Tamoxifen, Diethylstilbesterol and the Estrogen
Receptor Ligand Binding Region
Sara Pecorak '04 and Tom Susman '04
Contents:
I. Introduction
Recent studies have found that high estrogen levels
combined with a genetic predisposition to breast cancer result in a higher
occurance of the disease (3). Estrogen has many
functions throughout the body, many of which are regulated through an activated
estrogen receptor transcription factor. These transcription factors,
in disease prone patients, can activate genes which lead to uncontrolled
cancerous growth. Researchers have hypothesized that altering the
binding of the estrogen to the estrogen receptors can be used in the prevention
and treatment of breast cancer (1).
Estrogen binds to the Estrogen receptor which
then allows the receptor to bind DNA at the estrogen response element (ERE),
a cis-acting enhancer sequence.
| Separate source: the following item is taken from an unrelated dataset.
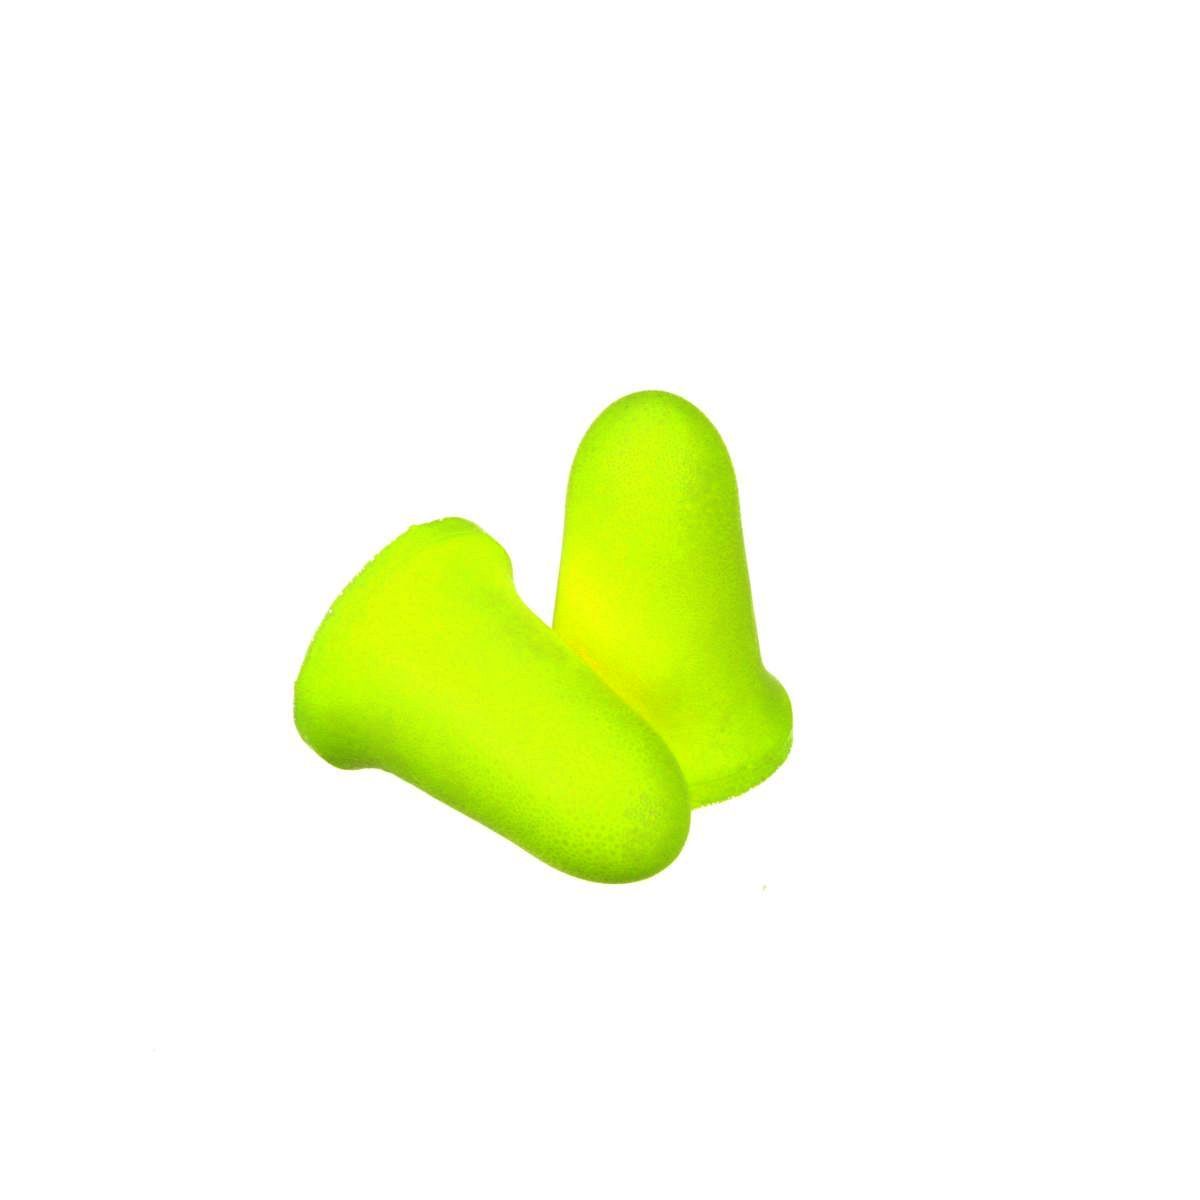 50 Pairs of E.A.R Earsoft FX Ear Plugs by 3M

The estrogen-receptor-ERE complex
then initiates transcription of genes related to the reproductive cycle.
Tamoxifen has been found to be a competitive inhibitor of estrogen-estrogen
receptor a (ERa)
binding (3). This drug has been administered clinically
and found to decrease the occurance of breast cancer in disease prone patients.
Patients undergoing treatment with tamoxifen are found to have decreased
breast tissue density, an indication of a lowered breast cancer risk (1).
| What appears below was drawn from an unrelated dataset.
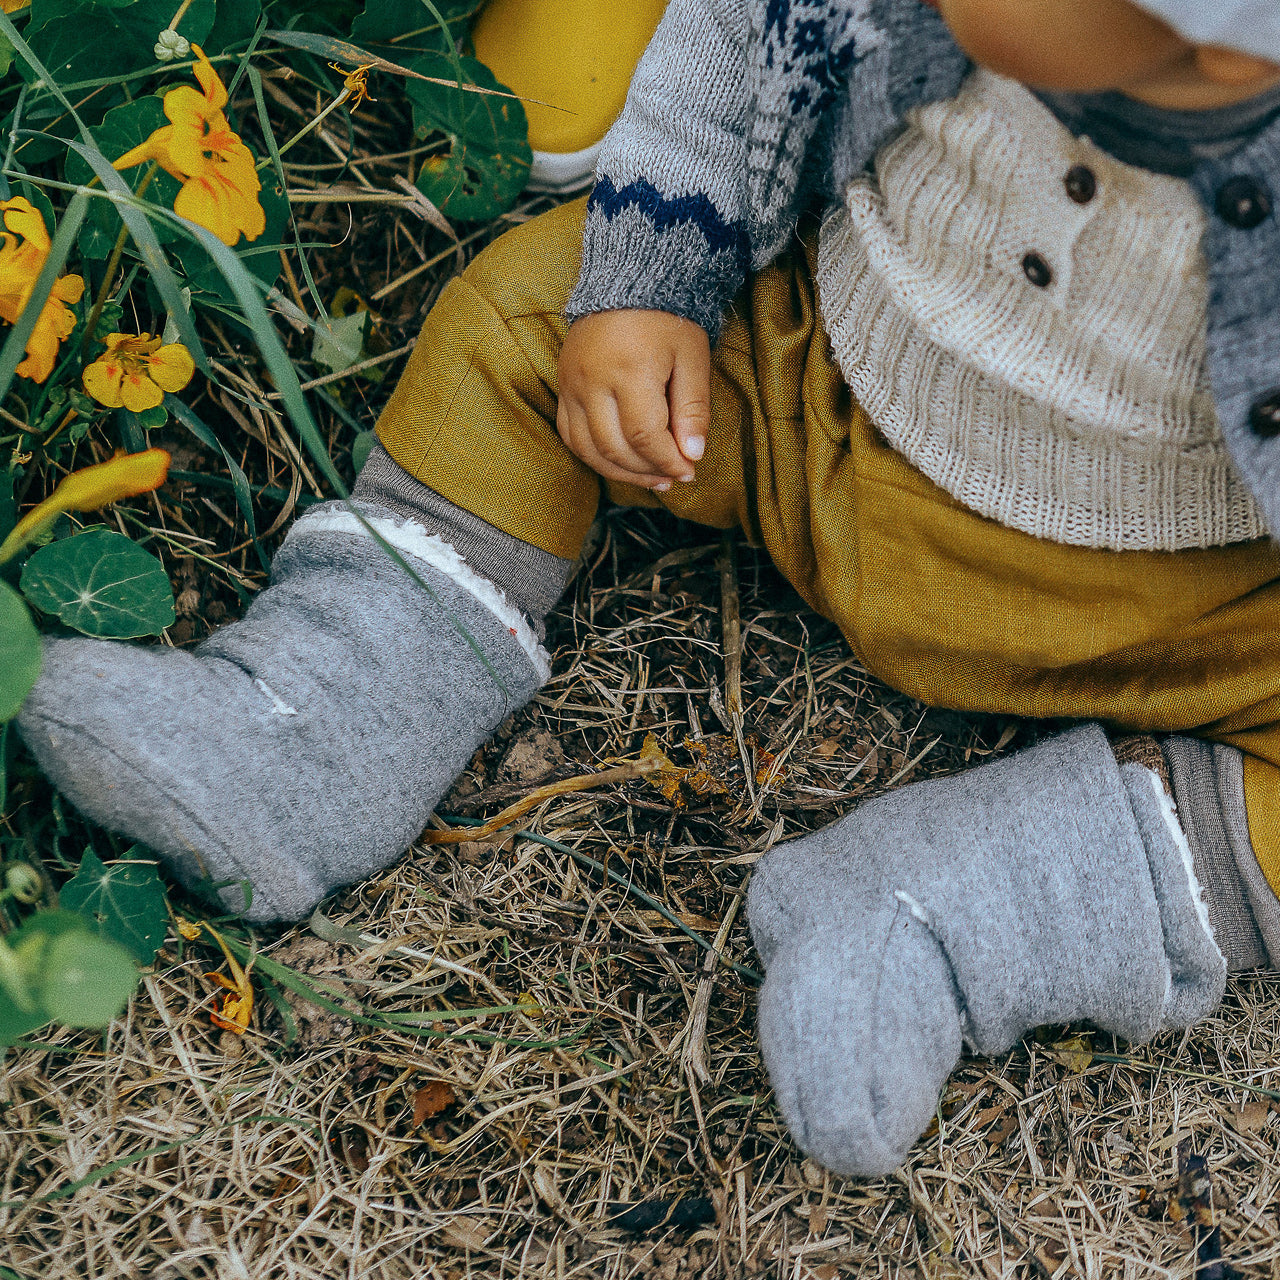 Boiled Wool Booties with Sherpa Organic Cotton Lining (0-2y)

Crystal structures of the ERa in complex with
estrogen, a synthetic estrogen, and 4-hydroxytamoxifen provide insights
into the structural changes caused by this competitive inhibition.
Tamoxifen binds to the ligand binding domain of ERa
and causes a conformational shift of helix 12 into an adjacent coactivator
site which in turn prevents ERa from binding
a coactivator (NR box peptide) which would then activate a specific DNA
sequence, the estrogen response element (ERE) (2, 3).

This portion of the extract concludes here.